Was die Preisgestaltung der Friseure anlangt, erinnert sich ein Leser unserer Zeitung an die gute alte Zeit vor 20 Jahren, an die vergangene Ära also, als vieles billiger war. Damals, so schreibt er unserer Redaktion, habe er in einem Vaihinger Salon für den Herrenhaarschnitt zehn Mark bezahlt. Bis zum Zeitpunkt vor der Corona-Pandemie habe sich der Preis bei diesem Friseur auf 16 Euro erhöht: „Damit hat sich der Preis in diesem Zeitraum verdreifacht“, rechnet er vor. Dieser Tage sei er nun wieder in seinen Salon zum Haareschneiden gegangen. „Die Friseurin berechnete mir dieses Mal 36 Euro. Zuerst dachte ich, ich hätte mich verhört, dann dachte ich, man wollte mich verarschen, aber es war ernst gemeint.“ Weil er protestiert habe, sei die Chefin hinzugerufen worden.

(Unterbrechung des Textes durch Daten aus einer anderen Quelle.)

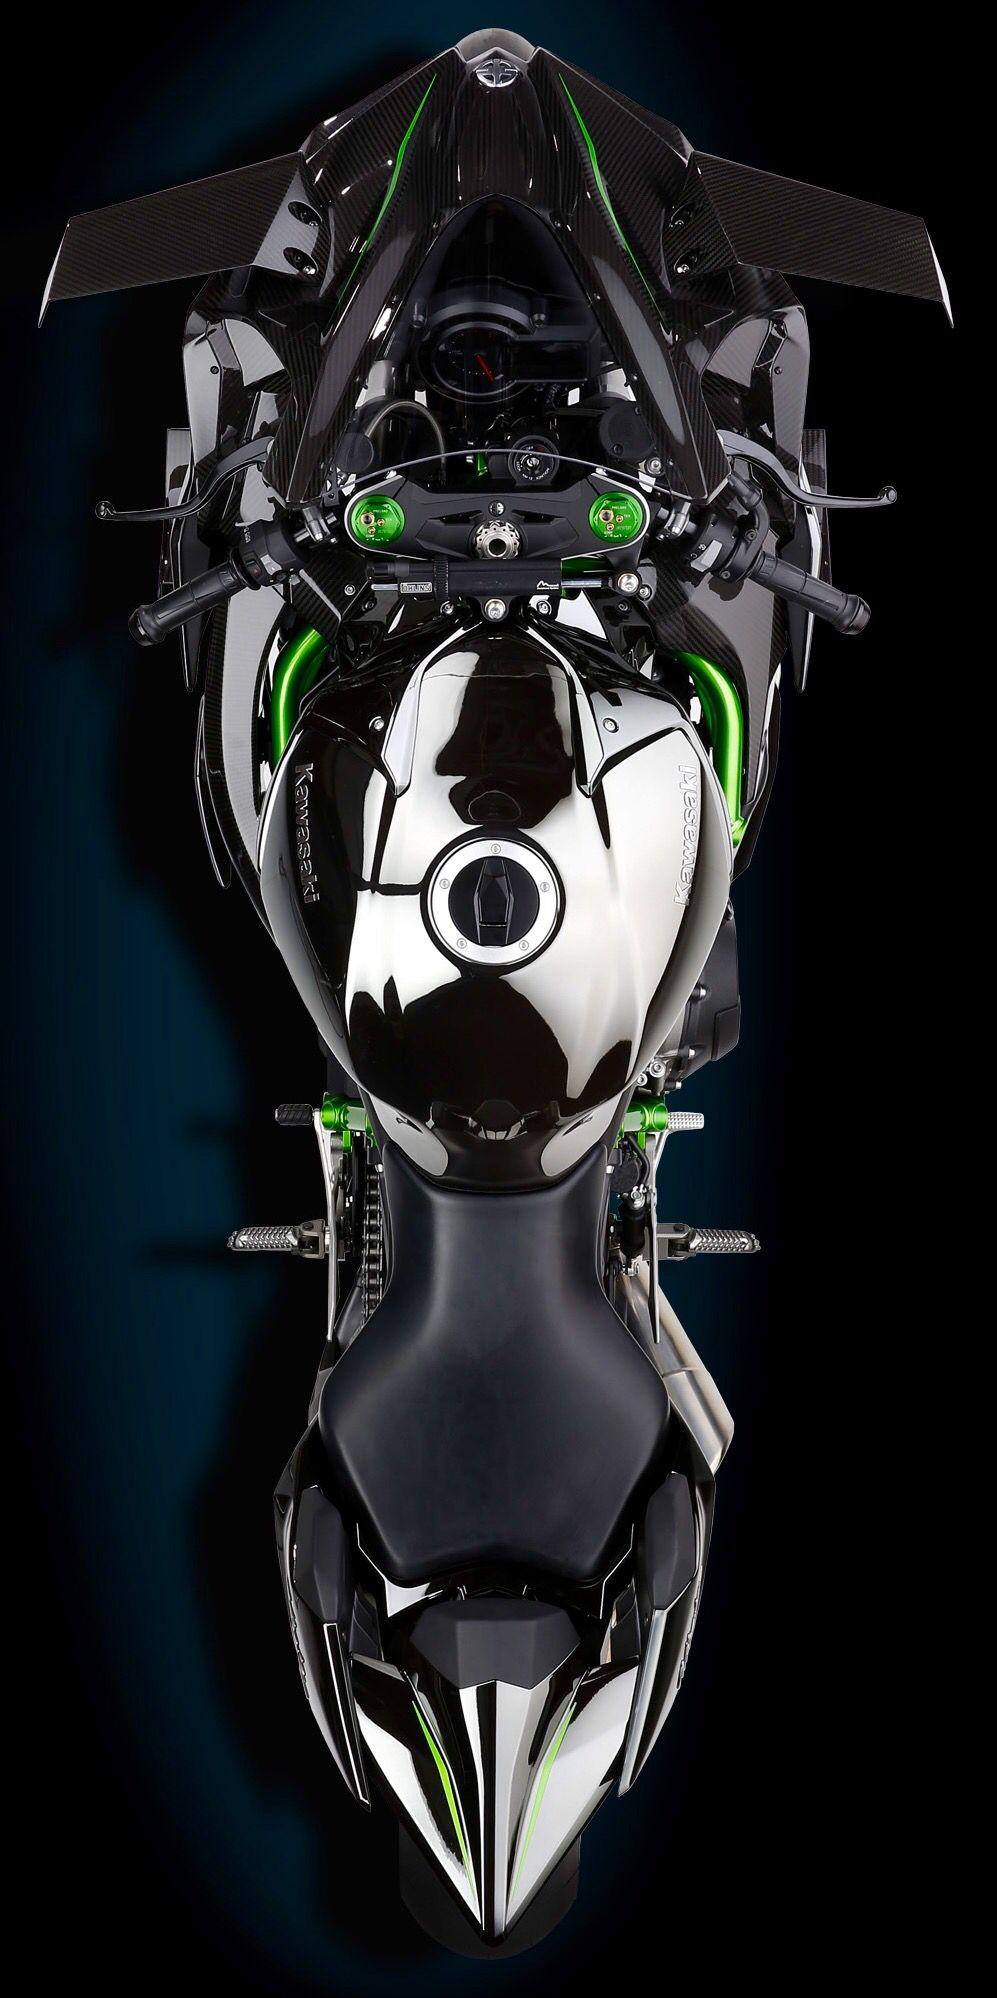 Kawasaki to unveil a road-legal version of the Ninja H2R at EICMA - BikeWale

Nach viel Streiterei, während der auch auf die schwierige Zeit durch die Corona-Pandemie hingewiesen worden sei, führt unser Leser aus, habe man ihm schließlich sechs Euro nachgelassen. Dann habe er zähneknirschend bezahlt. „Ich bin der Meinung, dass bei solch einem Preissprung der Kunde im Voraus informiert werden muss. Für eine Preiserhöhung auf 18 oder 20 Euro hätte ich ja durchaus Verständnis gehabt. Meine Frau war auch jetzt beim Friseur, einem anderen, sie hat gegenüber der Zeit vor Corona nur vier Euro mehr bezahlt“, schreibt er.

Angst vor der zweiten Welle der Pandemie

Bei einer kleinen Umfrage unter Friseuren auf den Fildern sind drastische Preiserhöhungen, wie sie unser Leser beklagt, nicht bestätigt worden. Wenn die Salons ihre Preise überhaupt erhöht haben, dann eher im moderaten Rahmen.

„Die ersten drei Wochen, nachdem wir wieder geöffnet haben, sind den Umständen entsprechend gut gelaufen, aber jetzt kommt kaum jemand“, sagt Dilek Aktas von Coiffure Velly an der Aicher Straße in Filderstadt-Bernhausen. Durch die ganzen Auflagen, sagt sie, habe sie weniger Kunden annehmen dürfen. „Wir haben immer ohne Anmeldung gearbeitet und müssen nun ebenso verfahren“, sagt sie. „Ab Juni mussten wir für unser fünfköpfiges Team Kurzarbeit anmelden, und wenn eine zweite Welle kommt, dann müssen wir vermutlich schließen.“ Ohne Preiserhöhungen seien sie nicht ausgekommen: „Der Herrenschnitt kostet jetzt 17,90 Euro statt 16,50 Euro“, sagt sie. „Ob es eine weitere Erhöhung gibt und ob es überhaupt für uns weitergeht, wissen wir nicht. Wir warten auf die Kunden.“ Alle anderen Friseure, die sie kenne, litten unter denselben Problemen.

Keine Preiserhöhung aus Fairness gegenüber Kunden

Auch Eylem Arslan vom Haarstudio Döring an der Hauptstraße in Stuttgart-Vaihingen klingt auf Nachfrage mehr als pessimistisch: „Die ersten vier Wochen nach der Öffnung waren nur unter dem Gesichtspunkt gut, dass das Geschäft wieder angelaufen ist“, sagt sie. Der Sicherheitsbestimmungen wegen könnten die Mitarbeiter weniger Kunden bedienen. „Außerdem müssen wir nach jedem Kunden desinfizieren“, berichtet sie.

Die Preise, sagt Eylem Arslan, habe sie nicht erhöht: „Wir wollen unseren Kunden gegenüber fair bleiben.“ An Kurzarbeit denke sie zurzeit ebenfalls noch nicht. „Ich bin Inhaberin und alleinerziehende Mutter. Wegen der Kinder, die noch nicht wie früher betreut werden können, muss ich wesentlich früher aufhören als früher, und meine Mitarbeiter müssen ohne mich auskommen.“ Weil die Umsätze zurückgingen, sehe alles nicht gut aus. „Mein Optimismus nimmt ab“, sagt Eylem Arslan.